Question

Find an equation of the plane passing through the points (1, 5, -3), (2, 5, -3) and (3, 5,2)​

Answer 1

`y = 5`.

Or, equivalently:

`\begin{aligned}\begin{bmatrix}0 \\ -3 \\ 0\end{bmatrix} \left(\begin{bmatrix}x \\ y \\ z\end{bmatrix} - \begin{bmatrix}1 \\ 5 \\ -3\end{bmatrix}\right) = 0\end{aligned}`.

Explanation:

Every plane in
`\mathbb{R}^(3)` could be represented with a vector equation of the form
`\vec{n}\, (\vec{r} - \vec{r}_(0)) = 0`, where:

• 
  `\vec{n}` is a vector normal to the plane (a normal vector), and
• 
  `\vec{r}_(0)` is the position vector of a point in the plane.

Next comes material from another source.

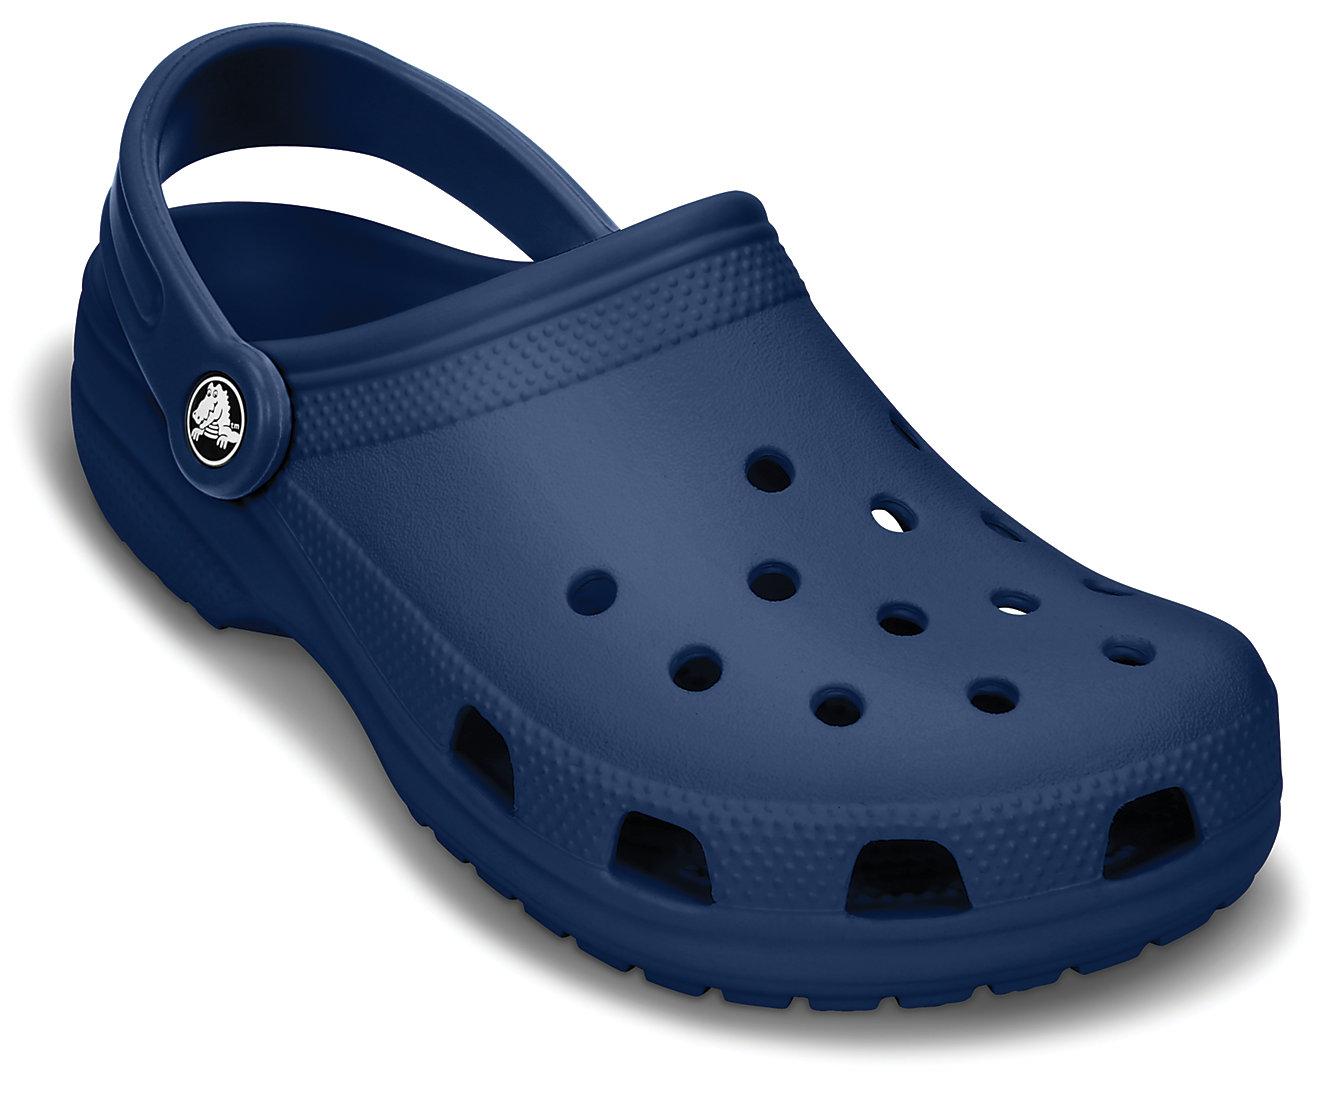 Crocs Classic Clog 10001-410 Navy Μπλε σκούρο

Notice that in this question, the coordinates (and hence the position vectors) of the points in this plane are already given. For example, the position vector of the point
`(1,\, 5,\, -3)` is the vector:

`\begin{aligned}\vec{r}_(0) = \begin{bmatrix}1 \\ 5 \\ -3\end{bmatrix}\end{aligned}`.

Specifically in
`\mathbb{R}^(3)`, normal vectors of a plane could be found by:

• finding two distinct directions parallel to that plane, and
• taking the cross product between the two directions.

Subtracting position vectors of points in this plane from each other would give directions that are parallel to this plane:

`\begin{aligned}\begin{bmatrix}2 \\ 5 \\ -3\end{bmatrix} - \begin{bmatrix}1 \\ 5 \\ -3\end{bmatrix} = \begin{bmatrix}1 \\ 0 \\ 0\end{bmatrix}\end{aligned}`.

`\begin{aligned}\begin{bmatrix}3 \\ 5 \\ 2\end{bmatrix} - \begin{bmatrix}1 \\ 5 \\ -3\end{bmatrix} = \begin{bmatrix}2 \\ 0 \\ 5\end{bmatrix}\end{aligned}`.

The cross product between these two vectors in
`\mathbb{R}^(3)` would be:

`\begin{aligned} \vec{n} = \begin{bmatrix}1 \\ 0 \\ 0\end{bmatrix} * \begin{bmatrix}2 \\ 0 \\ 5\end{bmatrix} = & \begin{bmatrix}0 * 5 - 0 * 0 \\ 0 * 2 - 1 * 5\\ 1 * 0 - 0 * 2\end{bmatrix} = \begin{bmatrix}0 \\ -3 \\ 0\end{bmatrix}\end{aligned}`.

(Note that the cross product between other directions parallel to the plane might give other normal vectors that are parallel to the one in this example.)

Using the position vector of the point
`(1,\, 5,\, -3)` as
`\vec{r}_(0)`, one possible vector equation for this plane would be:

`\begin{aligned}\begin{bmatrix}0 \\ -3 \\ 0\end{bmatrix} \left(\begin{bmatrix}x \\ y \\ z\end{bmatrix} - \begin{bmatrix}1 \\ 5 \\ -3\end{bmatrix}\right) = 0\end{aligned}`.

Expand the dot product and simplify to obtain a scalar equation for this plane:

`\begin{aligned}\begin{bmatrix}0 \\ -3 \\ 0\end{bmatrix} \begin{bmatrix}x - 1 \\ y - 5 \\ z - (-3)\end{bmatrix} = 0\end{aligned}`.

`0\, (x - 1) + (-3)\, (y - 5) + 0\, (z - (-3)) = 0`.

`(-3)\, (y - 5) = 0`.

`y = 5`.